There are a number of different types of ads that can appear on social media, from the posts on a brand’s own feed to ‘affiliate’ or ‘advertorial’ posts that have been published by an influencer.  This advice article focuses on the former, as well as paid-ads on social media.

 

The overarching requirement in Section 2 of the Committee of Advertising Practice (CAP) Code is that all advertising needs to be ‘obviously identifiable’. This means that when a consumer sees an ad, it should be obvious to them that they’re looking at an ad. This guidance explains how the rules apply to posts on brand-owned social media and paid social ads.

 

Make sure you know when you’re advertising

First of all, it’s important to have a clear understanding of when content posted on social media counts as ‘advertising’. If it falls within the Advertising Standards Authority’s (ASA) remit, the CAP Code in its entirety will apply, and there are many different rules that could apply depending on the types of claims in the post, and on the product being advertised.

 

Ensure that brand ads and paid-ads are clear

When businesses or brands post about their own products or services on their own social media accounts, and they are identifiable as the publisher (i.e. their brand username is displayed in the post), consumers are usually likely to recognise that the post is an ad for the brand. In that case a label, such as “Ad”, is unlikely to be necessary.

 

However, if it is not immediately clear that a social media channel is ‘brand-owned’ – for example, because it uses a different ‘username’ that consumers are unlikely to link with the brand – then it is likely that the ASA will expect the marketer to make clear that the content is advertising by some other means (Procter & Gamble (Health & Beauty Care) Ltd t/a Beauty Recommended, 27 May 2015).

 

Influencers must also make sure it’s clear when they’re posting about their own products / services; e.g. products they sell and events they’re running etc., or any prize draws or giveaways they do (the latter are considered ‘promotional marketing’ and the influencer would be a ‘promoter’).  If it’s not immediately clear that the influencer is posting about their own product(s) or those that they’ve collaborated in the creation of, the ASA is likely to expect relevant posts to, at a minimum, include a prominent label – such as ‘#Ad’ – upfront (Zoe de Pass t/a Dress Like A Mum (DLAM), 20 November 2019; Unleashed PR Ltd t/a I Spy Eyes in association with Marnie Simpson, 25 October 2017).

 

When it comes to ‘paid-for’ advertising on social media websites and apps, such as ‘Promoted’ tweets on Twitter, ‘Promoted’ posts on Reddit, ‘Promoted’ pins on Pinterest, ‘Sponsored’ posts on Facebook and Instagram, and the ‘Sponsored’ stories (and adverts that appear within other stories) on Snapchat, these are usually obviously identifiable as such through their positioning, labelling and wider context.
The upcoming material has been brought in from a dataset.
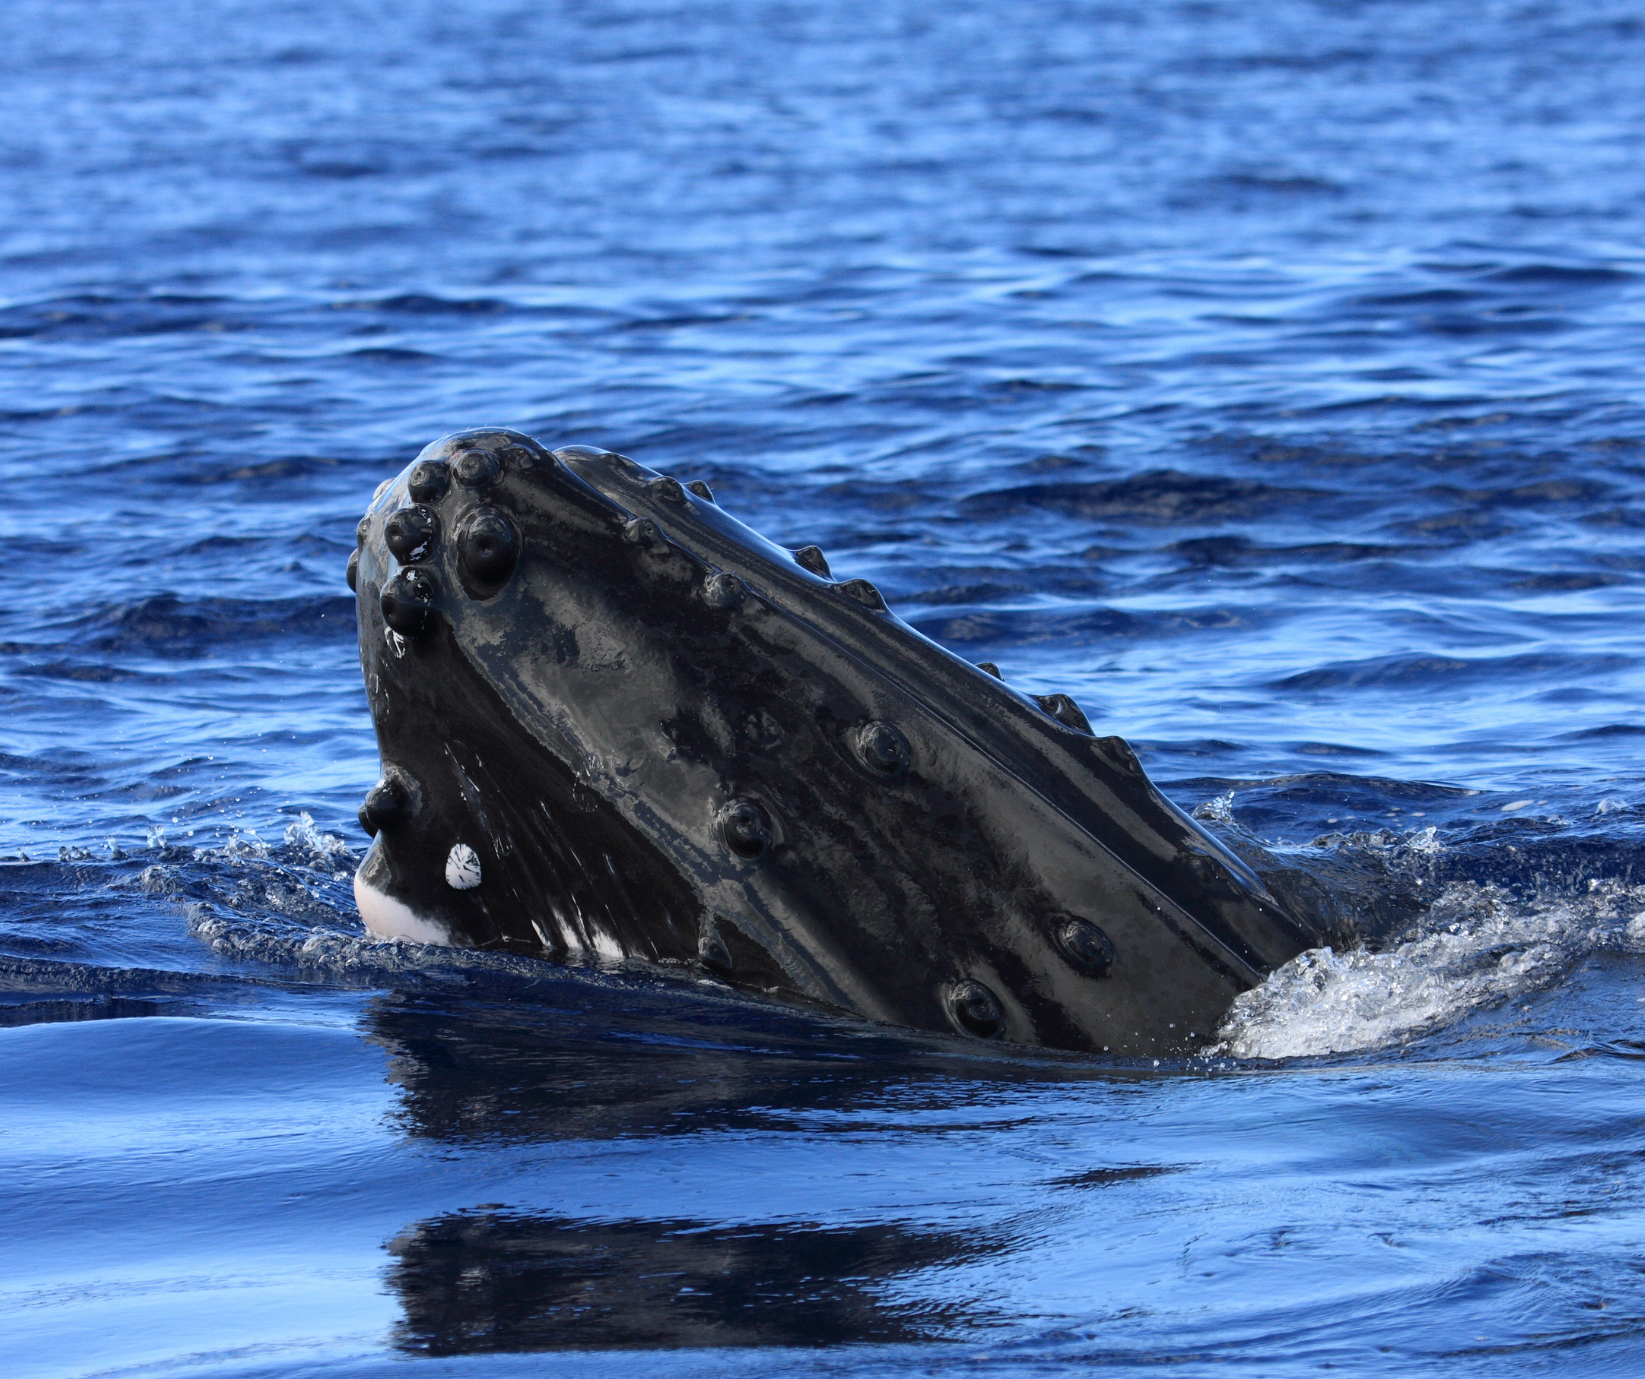 Humpback Whale Population Shows Decline, Yet Scientists Maintain Cautious Optimism

Each social media channel has its own conventions for displaying advertising which, arguably, becomes quickly recognisable to users.

 

That said, rule 2.3 states that ads must make their commercial intent clear to consumers, so even ‘Promoted’ or ‘Sponsored’ posts could breach the rules if they misleadingly imply that they’ve been placed by someone other than the advertiser.  For example, if a third party website publishes an affiliate article about a brand’s products, and the third party also pays for a ‘Promoted’ post to direct consumers to that article, this post should make clear that the article itself is an advertisement feature rather than a piece of independent editorial.

 

Remember that the rest of the Code applies

If something falls within the ASA’s remit, it has to comply with the Code in its entirety.  It therefore should not, amongst other things, materially mislead consumers or cause serious or widespread offence.

 

Some sections within the CAP Code are sector-specific, which means that ads for particular product types (e.g. Foods, Alcohol, Gambling) must comply with very specific rules, whereas other parts of the Code (e.g. Misleading Advertising, Harm and Offence) apply to all ads irrespective of the product/service they are advertising.

 

Source: CAP

 

Note: This advice is given by the CAP Executive about non-broadcast advertising. It does not constitute legal advice. It does not bind CAP, CAP advisory panels or the ASA. CAP’s AdviceOnline entries provide guidance on interpreting the UK Code of Non-broadcast Advertising and Direct & Promotional Marketing.